You can also see here that when the calculation gets big enough, it gets split into multiple private methods. This is because the JVM's JIT has a maximum method size; splitting up the calculation helps keep the whole thing under that limit and running fast. The apply method becomes the entry point to the whole calculation; if values need to be shared between the different methods, the globals array is used.

Gradients

In optimization and sampling, you not only want to evaluate a function, but also its gradient with respect to the parameter vector. Real provides a gradient method which will return a sequence of new Real objects (one for each variable that it references).

As a very simple example, let's take the gradient of xTwo:

scala> xTwo.gradient
res12: Seq[com.stripe.rainier.compute.Real] = List(Constant(2.0))

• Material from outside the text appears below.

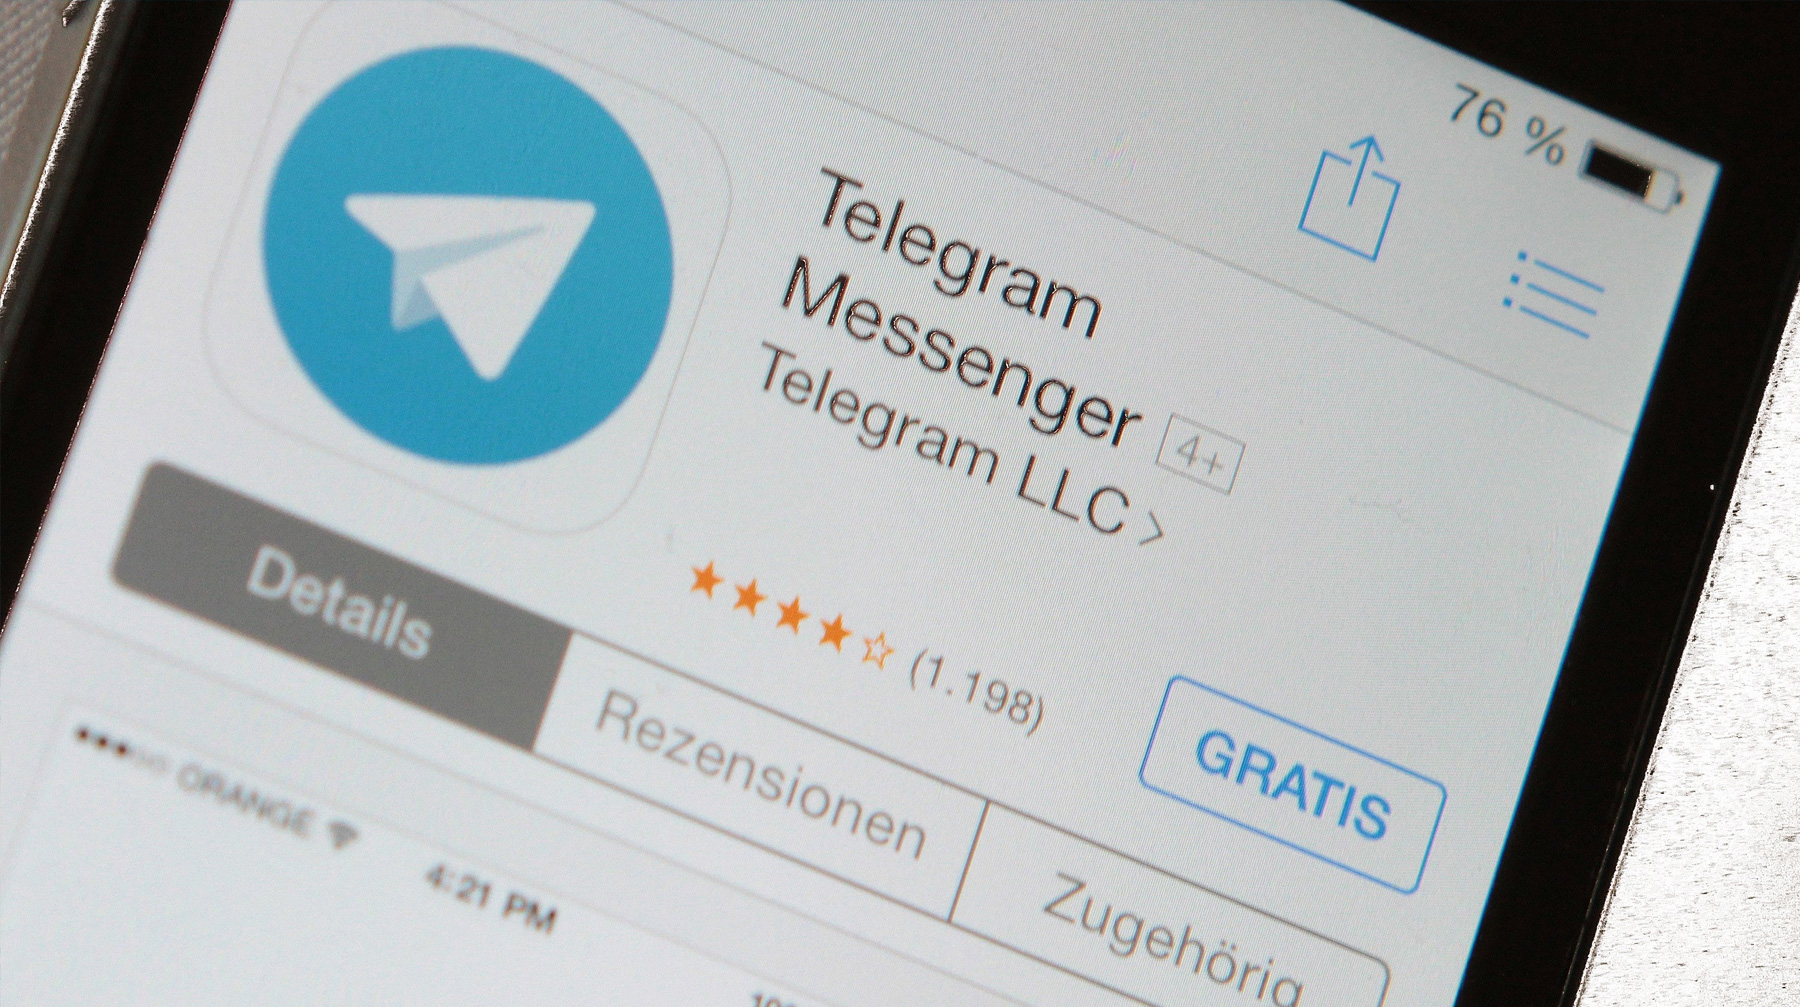 Восстановить аккаунт в телеграмме после удаления приложения фото 63

This function only references one variable, x, and so there's only one element in the gradient; and because the function is just x * 2, the derivative with respect to x is just 2. Feel free to play around with more complex functions (and remember that you can use trace to inspect what's actually going on inside any given Real).

It's also worth knowing that the Compiler has a compileGradient method which will return a single Array[Double] => Array[Double] function which computes the value and its gradient at the same time; this is why the apply methods in the trace output all return an Array[Double] instead of just Double. (At the moment, however, there's no convenient way to get a trace on the gradient version.)